В 1938 г. голландский историк и философ Йохан Хейзинга опубликовал книгу Homo Ludens, исследование игрового элемента в культуре» (с латыни homo ludens переводится приблизительно как «человек играющий»). Хейзинга определил игру как «деятельность, которая явным порядком происходит в определенных границах времени и пространства по свободно принятым правилам вне области необходимости или материальной пользы». Он показал, что игра в широком смысле слова является необходимым элементом большинства аспектов цивилизации. Закон, утверждал он, является игрой, как и религия, искусства и стремление к знаниям. Даже в войне есть элементы игры. Хейзинга цитирует пророка Самуила (2: 4), когда два военачальника Абнер и Иоав противостоят друг другу у озера Gibeon:
Древнееврейское слово «играть» происходит от корня sachaq, что означает «играть, веселиться, смеяться, радоваться, подшучивать». Даже во времена Первой мировой войны офицеры по обеим сторонам Западного фронта относились друг к другу с уважением и «играли по правилам», как и индийские и пакистанские офицеры во время разных войн, которые привели к независимости Бангладеш.

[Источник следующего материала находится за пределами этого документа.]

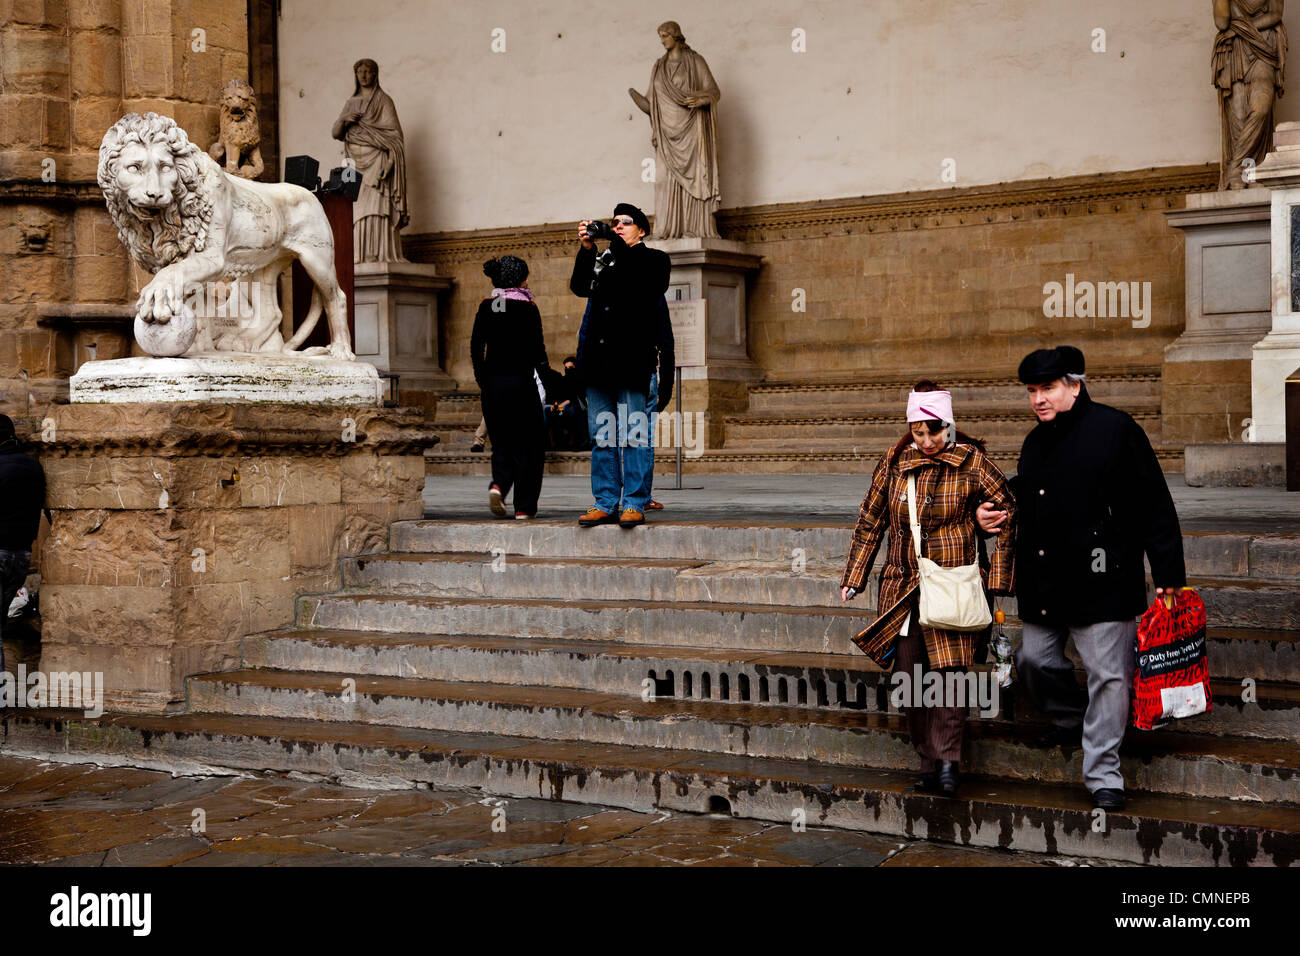 Tourists visiting Romano Greek statues in the Piazza della Signoria, Florence. Stock Photo

После опубликования в 1960-х гг. книги Хейзинги хиппи приняли ее как необходимый для себя текст в то самое игривое и веселое десятилетие. В 1970 г. австралийский писатель Ричард Невилл, тогдашний старейшина лондонской так называемой подпольной прессы, опубликовал книгу «Власть игры». Дух игры, вновь введенный в западное общество, как утверждает он, мог изменить внешний вид и организацию общества до неузнаваемости. Если он был прав, то размышление об игре может пролить немного света на расцвет города Гильгамеша, дав нам подсказку – поискать в неожиданном месте такой же бурный период прогресса и изменений.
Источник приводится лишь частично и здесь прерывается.